The future of contemporary art will do a spectrum of cultural surfaces, from the physical to the virtual. It will appear in a variety of viewing spaces, from the permanent to the temporary, and will tour and be distributed as anecdotes, adverts, gift-giving and via mail order. Cultural and geographic borders will be crossed and in the process a dissolution of the prototype and scenario will be altered. The future of art will shirk responsibility towards the precious and the pure, but will find renewed value in the crafting of knowledge, which will necessarily bring forth moments of lucidity and insight that will make us draw breath akin to the aura ascribed to art of the past.
The imprint for such a future will involve artists working in one of two ways. In the tradition of making unique works of art, they will construct prototypes of objects and ideas. The role of craft will play an all important role in this process, introducing aspects of the everyday, which have already been gathering ground within recent developments of contemporary critical practice. The production of prototypes will see a revival in the hand-made, which will gratify the audiences desire for consuming virtuosity and the artists desire for indulging in radical pleasure. The artists palette of materials will continue to expand and borrow across cultures, disciplines, traditions and resources real and imagined. The utilitarian aspect of craft-based work will also carve out a suggestive course of applications for contemporary art as it moves in search of wider arenas of supporters, aficionados, and message receivers and responders. Prototypes will remain with the artist, and permission to reproduce, build or fabricate will be bought by an individual, a fashion house, a publisher, a manufacturer or a municipality. The future of contemporary art might appear as a button on a shirt, a brick in a building, a light on the street, a font in a book, the dial tone of a phone or as an image in the front room of a quarter of a countrys population.

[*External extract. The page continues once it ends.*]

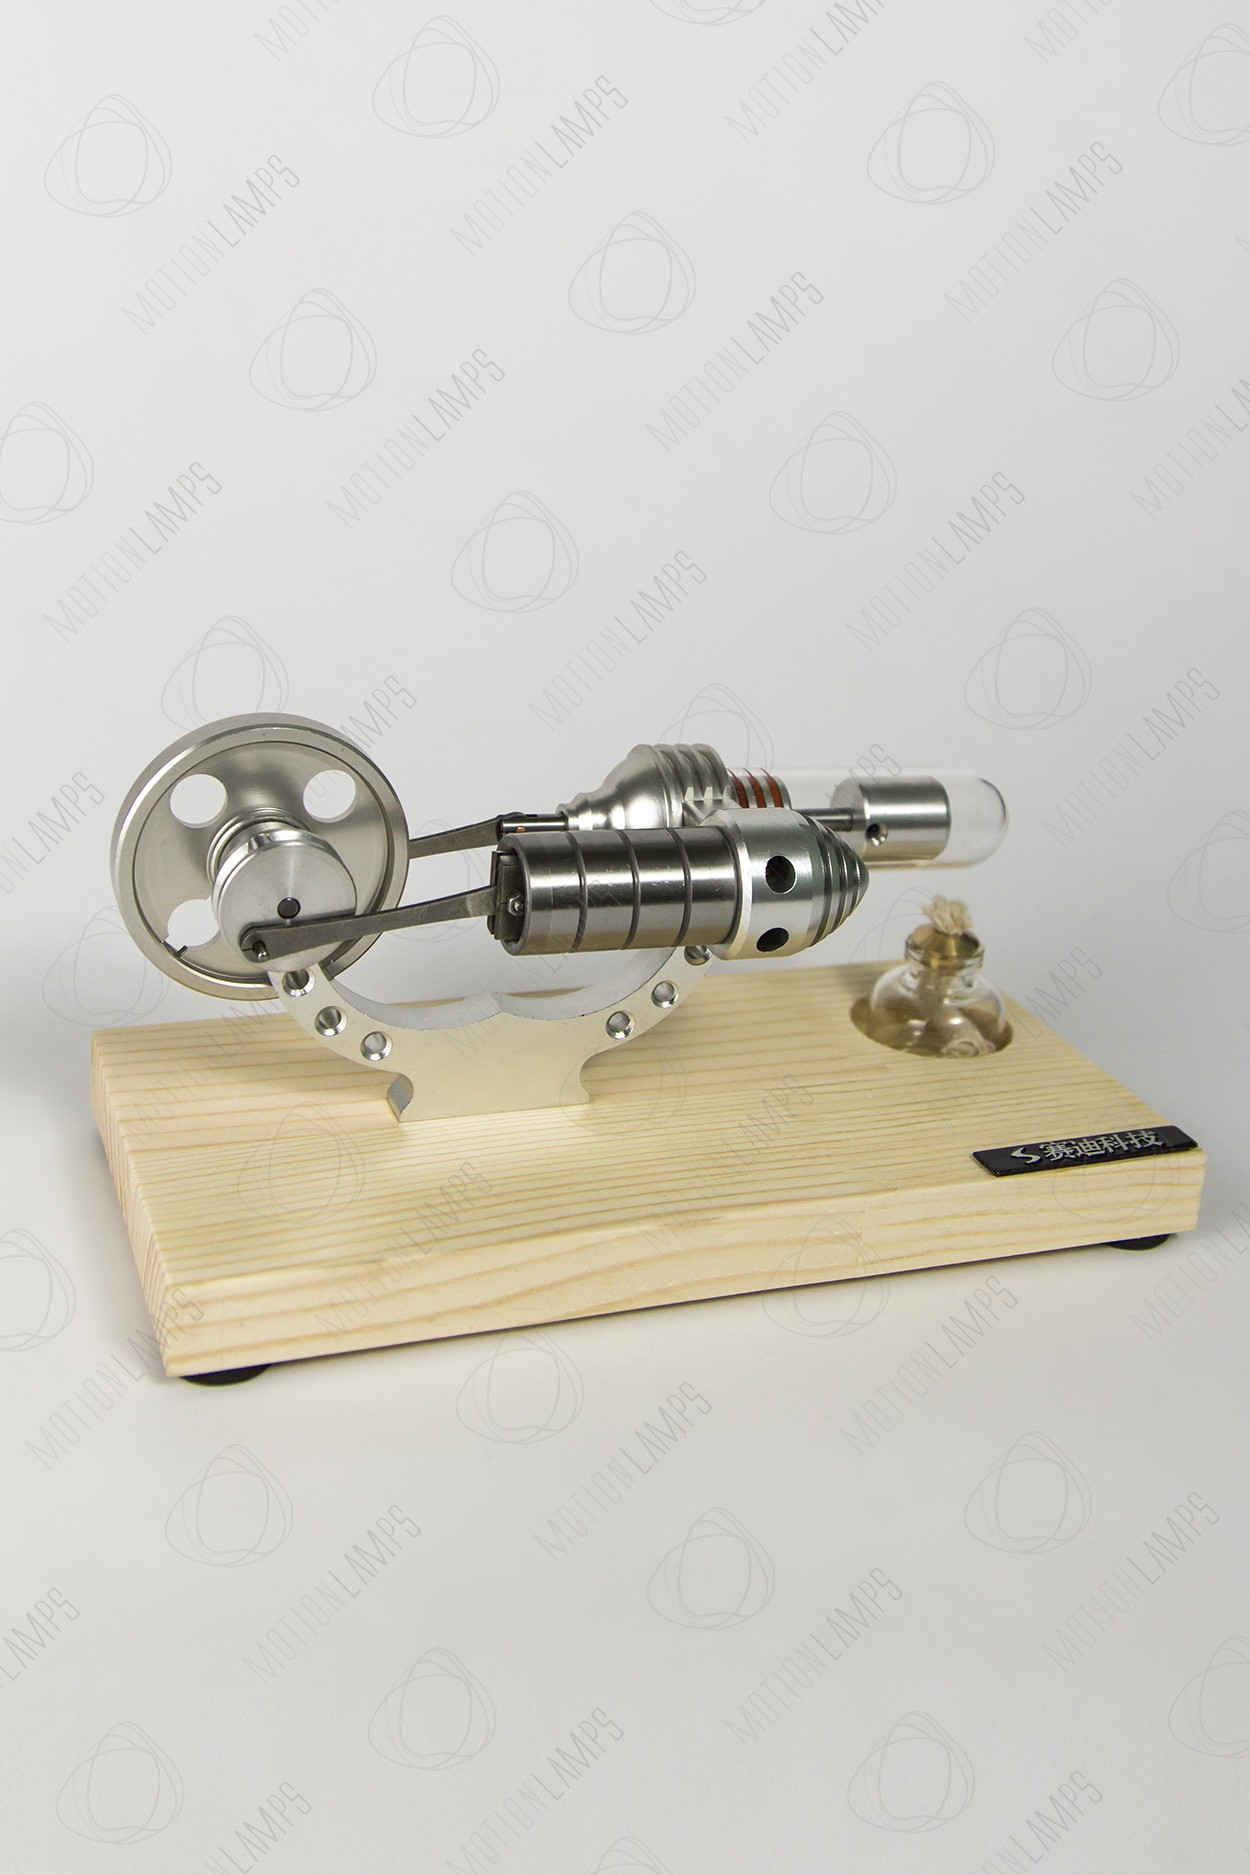 Двигатель Стирлинга на деревянной подставке в Москве

Parallel to making prototypes, artists will also be involved in constructing scenarios which they will license for distribution in the form of films and still images using the existing patrons of local and global business firms and corporations. In the future, art will have a much more direct relationship to these industries and will use them to reach unchartered territories. All importantly, this move will see an embracement of artists as cultural thinkers, able to effect change on a visual level through images, sounds and words. Foremost in this process will be the conceptualising of scenarios by artists, to promote not only the products or brands of a business but something of their own style, views and aesthetics. Great museum collections around the world have, after all, striven to brand themselves through artists they collect in this way for centuries. As the course of contemporary art strides more steadily in the direction of moving beyond representation into the realms of the hyper-real, the extraordinary and the imagined, the future of art will increasingly find and require outlets that can support the presentation of time-based scenarios in the form of lens-based stills or moving images. Media creatives and big business will become the new collectors of such an art, and their collections will be circulated via ad campaigns, cinema trailers and hoardings, terrestrial and satellite television stations and surreptitious packaging schemes.
If the future of art is to be defined by its consumers, then its makers will also direct it. Will there be compromises at stake to assure the later? Possibly. Will this be the future of art? Inevitably.